Case 2: Solar was installed as part of the ESP. Solar PV kWh are used at the building and the remainder goes to the grid. Utility Buys and Sells kWh at the Same Rate.

This is probably the easiest case to understand.  We just treat solar like any other energy savings technology.

We take the pre-retrofit bills that did not use solar and do a regression on these bills.

Baseline kWh = Fit line of Bill kWh

Since there is no solar PV system in the base year, no kWh is contributed to the grid by the nonexistent solar PV system, so:

Bill kWh = kWh contributed by grid to building = Building kWh

We do not need to add a variable for solar insolation or percentage sunlight, because it was not an issue during the base year.  There will likely be no relationship between this variable and energy usage during the base year, so the variable cannot be used.

For Actual data, we want just the energy provided by the grid, which is less than the building uses.  The solar makes up the rest:

Bill kWh = kWh contributed by grid to building – kWh contributed to grid by solar PV system

or

Bill kWh = Grid kWh – Solar to Grid kWh

Actual kWh = Bill kWh

kWh Savings = Baseline kWh – Actual kWh

kWh Savings = Fit line of Bill kWh – Bill kWh

To do this in Metrix or Option C

  1. Do a regression of base year Bill kWh
  2. For post retrofit bills, enter in NET kWh supplied by utility to the building. That means kWh provided by utility minus kWh provided by solar PV system to the grid.  I have defined this as Bill kWh.
  3. So basically, you are just using Bill kWh for pre and post.

Example Calculations

In this example, we are given 2 days of usage in a month.  In day 1, the solar produces more than the building uses.  In day 2, the building uses more than the solar produces.

Baseline Actual Savings
Day Fit line of Bill kWh Solar Produced kWh kWh Used at Building

(Bldg kWh = Grid kWh)

Net kWh Supplied to Building

(Bill kWh)

ESP Savings NOT Including Solar

(kWh)

ESP Savings Including Solar

(kWh)

Day 1 95 100 80 -20 15 115
Day 2 90 20 80 60 10 30
Total 185 120 160 40 25 145

 

Given the numbers in this table, we want our savings results to match the last column or 145 kWh.

 

Savings = Baseline kWh – Actual kWh

or

Savings = Fit line of Bill kWh – Bill kWh

or

Savings = 185 kWh – 40 kWh = 145 kWh

How to Handle Demand

You would treat demand exactly as you treat energy.  So:

 

Savings = Baseline kW – Actual kW

or

Savings = Fit line of Bill kW – Bill kW

 

Another Way to Handle Solar

One problem associated with the method I described above is that your solar savings are going to be subject to changes in weather.  As there was no solar during the base year, we could not use a variable to vary expected solar production.  If a volcano blows up, you experience a hellish year of forest fires, or you have an unusually overcast summer, your solar system will not provide the kWh you expected.  Assuming you only guaranteed 85% or 90% of what you expected the solar to provide, everything should work out.  But what if the variation in solar production is greater than the 10% to 15% cushion you allowed yourself?

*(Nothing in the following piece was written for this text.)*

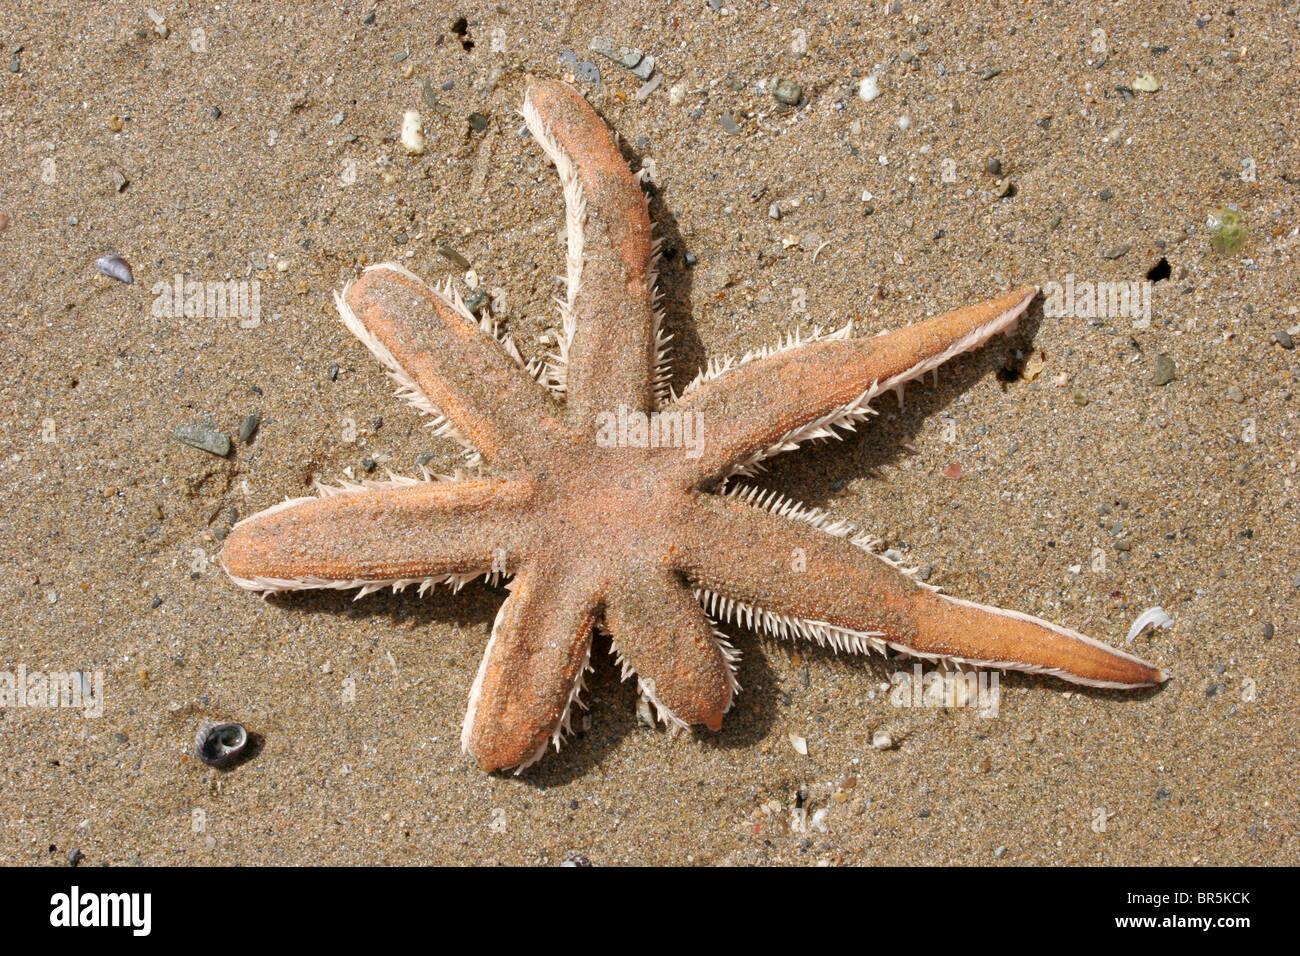 Sette-armati starfish (Luidia ciliaris : Luidiidae) esposto sulla sabbia a molto bassa marea, UK. Immagini Stock

In general, over the life of a performance contract, weather fluctuations should even out.  So you can make a good argument for not addressing the variation of solar production due to weather.

However, if you want your savings numbers to not be at the mercy of weather, but only subject to how well the project performs, you could introduce a variable for solar.

There was no solar in the base year, but there is in the performance year.

You can do a regression of solar production to solar insolation for the performance year.  (You will have to do this again for every year of the performance period.)  Then you apply TMY weather data to your regression equation.  The result will be, “This is how much solar production we would have had in a typical year with the equipment as it is now running.”

This method is fair.  But there is an implicit assumption that TMY data is accurate, and there have been studies that show that TMY data seems to change every decade.[8]

You are measuring the solar system’s production each year.  If you do this, then you would have to measure Building kWh at the building, which is Bill kWh during the base year, and it is sub-metered Building kWh during the performance period.  You would have to track savings for all ECMs except for solar using this method, and then add in the solar savings using the method we are speaking of now.  This can get complicated.

If you were to use Option C software, you can model this as follows:

  1. Add meter with baseline = 0.  That is the solar production meter.
  2. A meter with performance period data for solar production.  Enter it positive.
  3. You would enter a variable for solar insolation or solar irradiance
  4. Each year during the performance period, you would do a regression of the performance year solar production using your variable.
  5. You would import TMY data
  6. And provide a report of savings, Baseline – Actual, where Baseline = 0, and Actual is the solar production as estimated by the regression equation which was created with performance year data.

The Option C software will likely not be able to make a report that shows savings using this 2-regression method (for solar) and the traditional 1-regression method (for the other ECMs) together.  You will most likely have to export the results from the software into Excel to make a report that handles both the solar and the rest of the facility.